# Fallen513 can you help?



## MrGreen740 (Jun 2, 2011)

I'm trying to fish these falls for hybrids and looking for advice. The spin fishermen aren't having any trouble hooking up. What would you suggest? Time of day, floating or sinking line, cast into the fast water or otherwise? Any help is appreciated!


----------



## fallen513 (Jan 5, 2010)

I would pay attention to where the spin guys are hooking up & fish there.  


There's no question what the best times of day are... The 30-45 minutes that are first light & sunset. 

I'd say the best is from pre-dawn twilight through the first 45 minutes of light. The water has had all night to cool, as well as calm down from all the people fishing/wading/canoeing whatever it is they're doing there. My first cast I would want to be the only one there & my fly the first thing the fish have seen for the day aside from the real deal. 

I personally use floating line for everything in Ohio. I control my depth with my leader material. In a situation like yours, the fish will not be deep, they'll be chasing bait in the upper portion of the water column. (+/-3' probably) A sparse clouser & 1x tippet will get you down plenty far. 

I almost always cast into the uppermost part of the riffle & left my fly drift down into the tailout. 

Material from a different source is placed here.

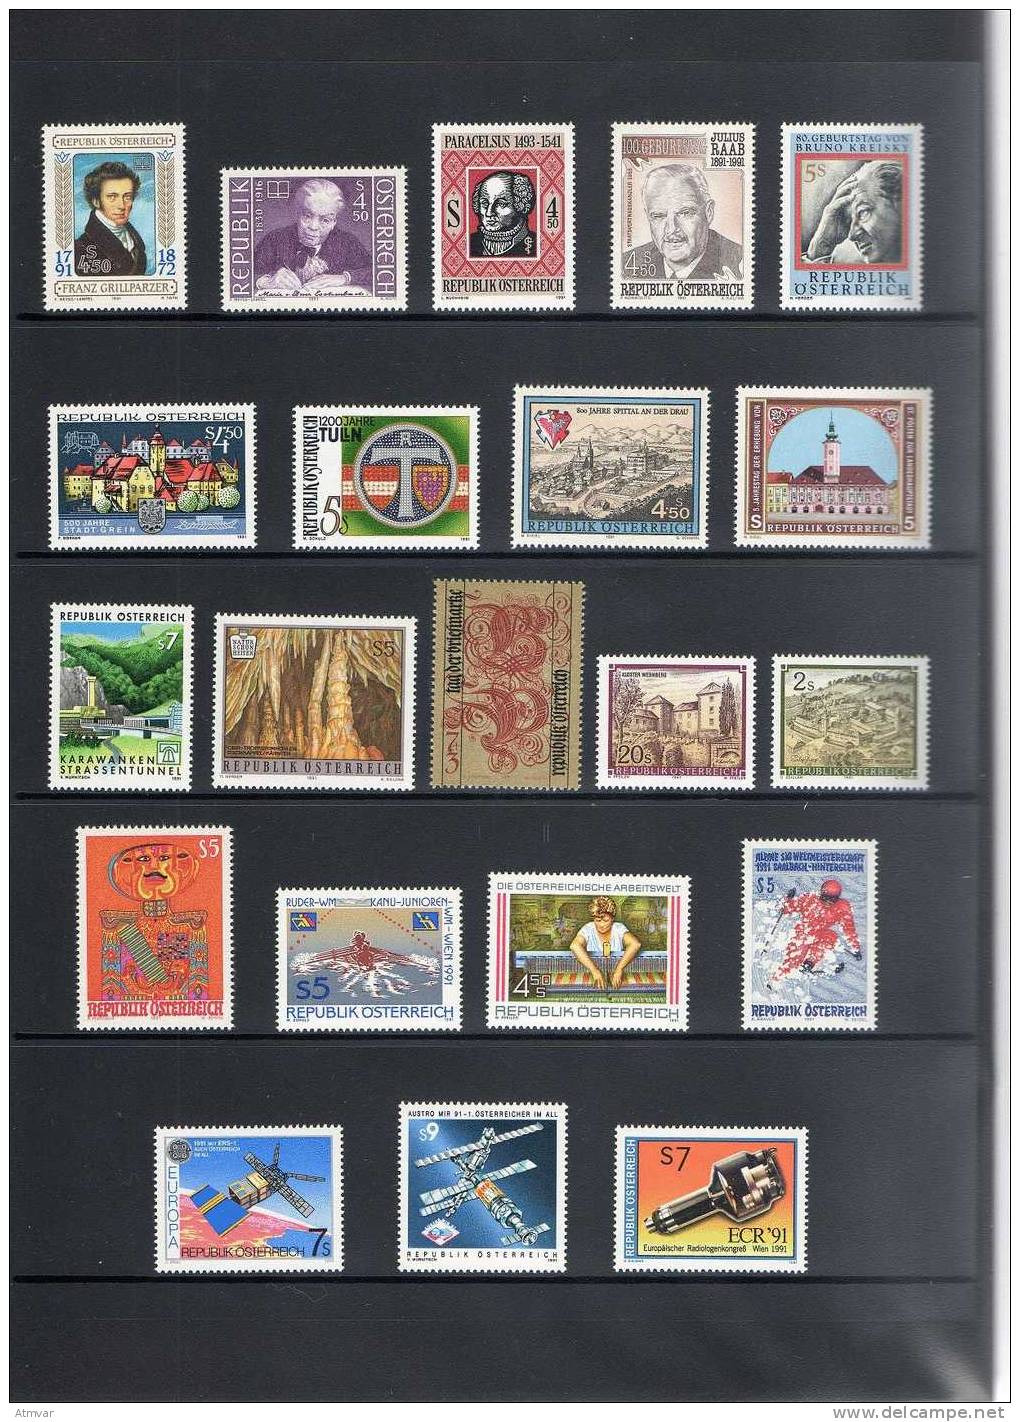 AT502. AUSTRIA - Yearbook 1991 With Mint Stamps / Livre Annuel 1991 Avec Timbres Neufs - Volledige Jaargang
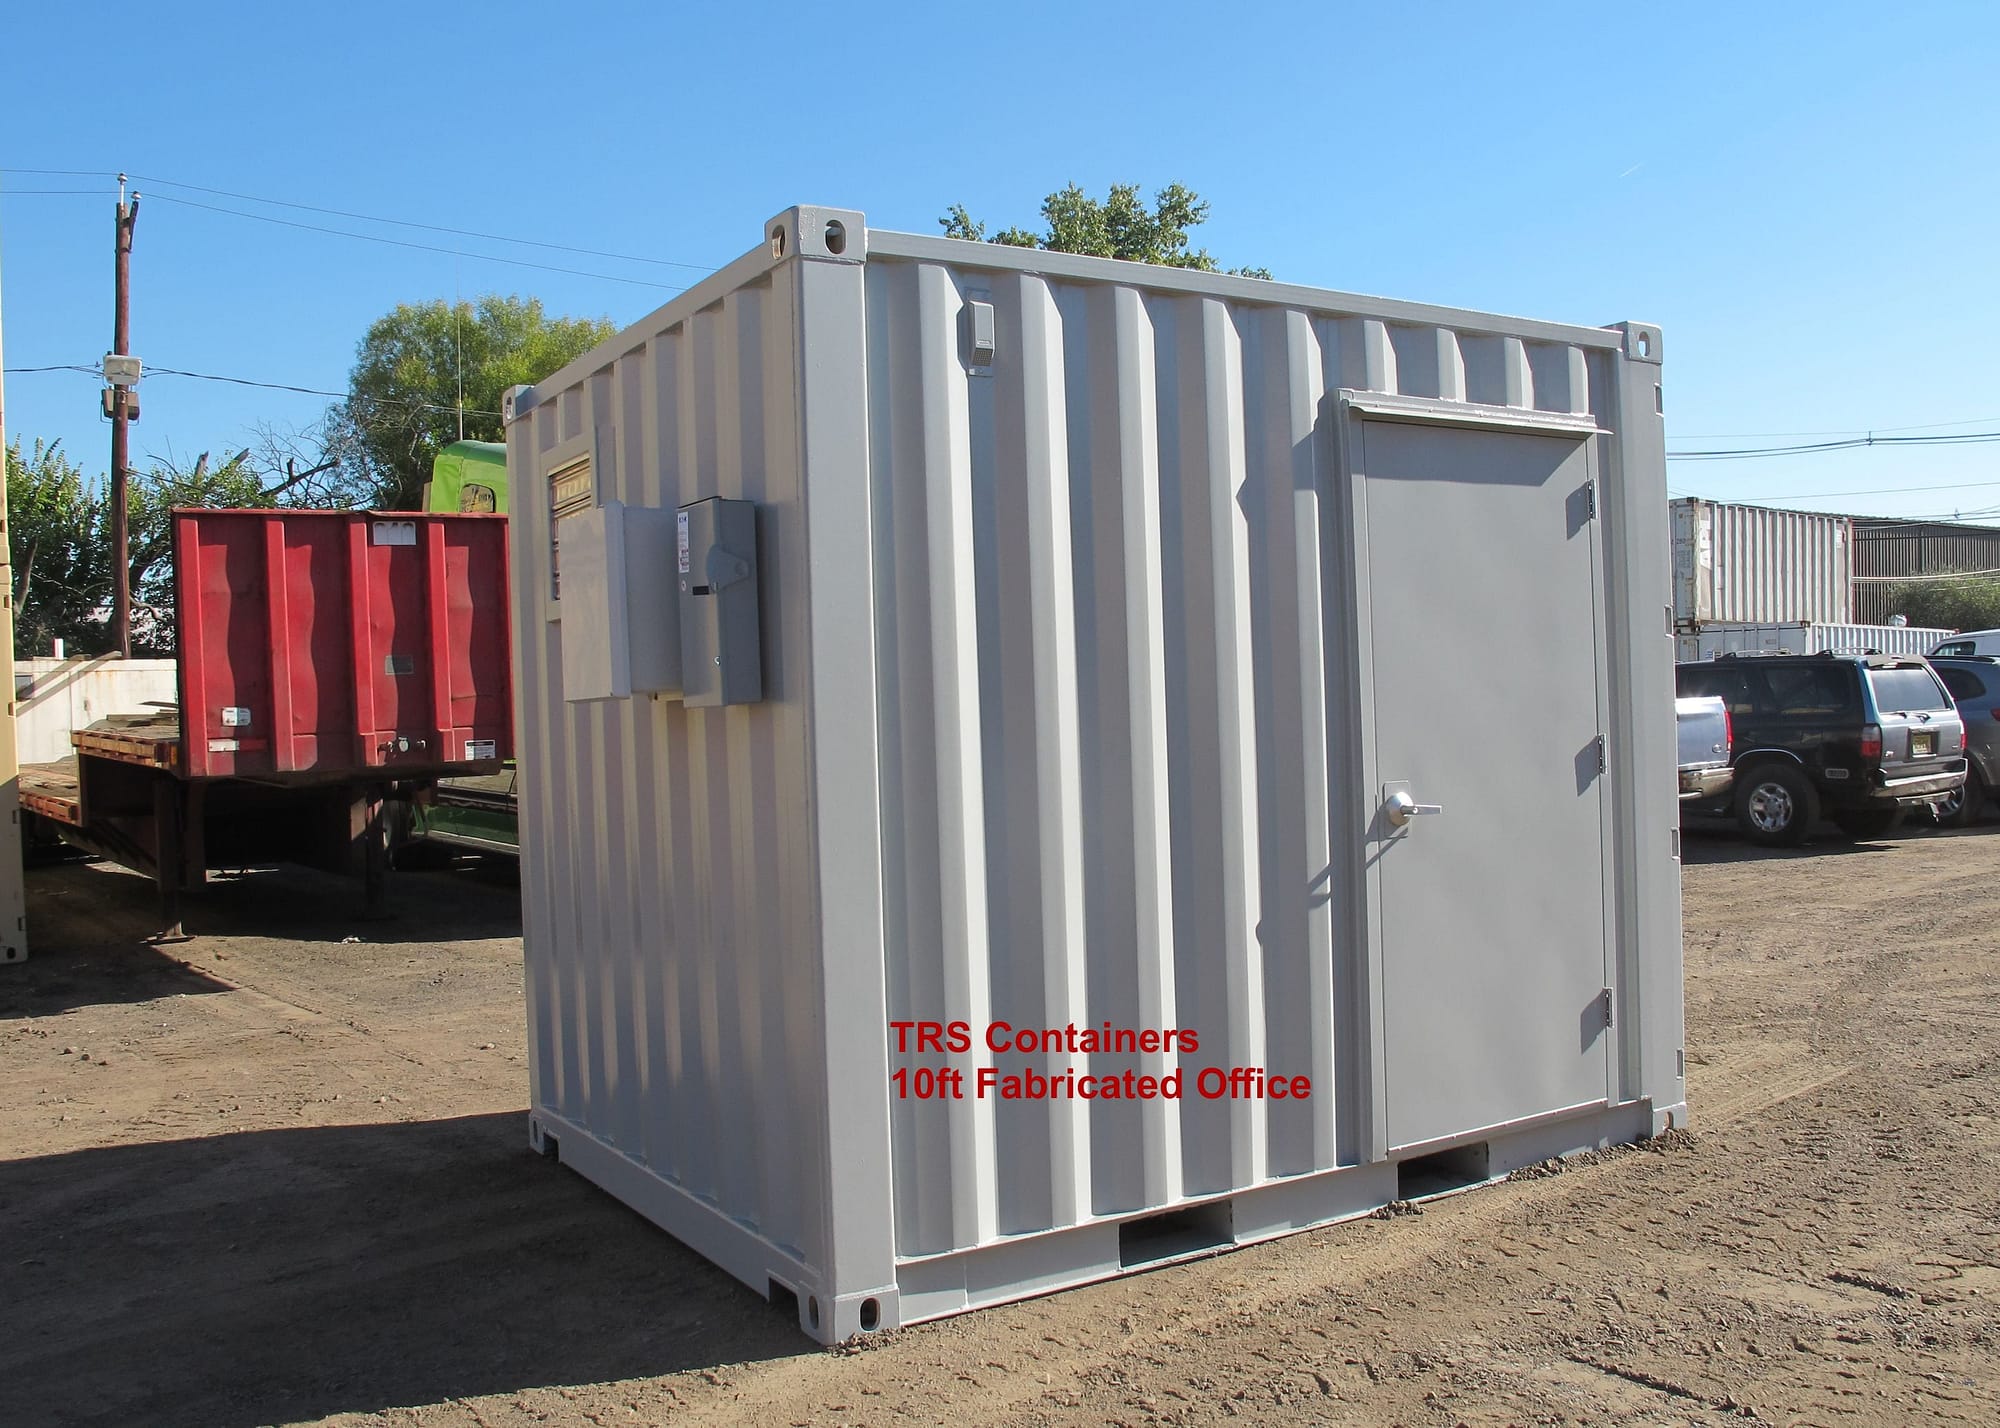 TRS Containers rents and sells modified container offices eqiupped with paneling, hvac, doors, vents, windows

If the fly isn't taken right off the get go, I'd expect a take as it slowly drifted through the area right where those guys are standing, i.e. the calm pockets of deeper water immediately beneath the flowing, bubbling water.



2 reasons the hybrids (and bait) are in that water. 1.) The obvious one, they can't go any farther upstream...and 2.) the important one, temperature. The hotter it gets, the less oxygen is in standing water. The water falling over the dam is being aerated & thus attracts fish of all kinds, especially bait.


----------



## fallen513 (Jan 5, 2010)

Another thing you can do which others probably don't...depending on the depth, as long as it's 2' or deeper...I'd fish right up against the bottom of the dam there. That's where the bait will be getting corralled, at the absolute farthest point the fish can go upstream.


----------



## MrGreen740 (Jun 2, 2011)

Excellent advice and it's greatly appreciated! I'm going to try my luck this sunday. I'll keep you posted on my progress. By the way, when wading in fast water like this do you use a basket?


----------



## fallen513 (Jan 5, 2010)

I never use a basket, I double haul a lot. 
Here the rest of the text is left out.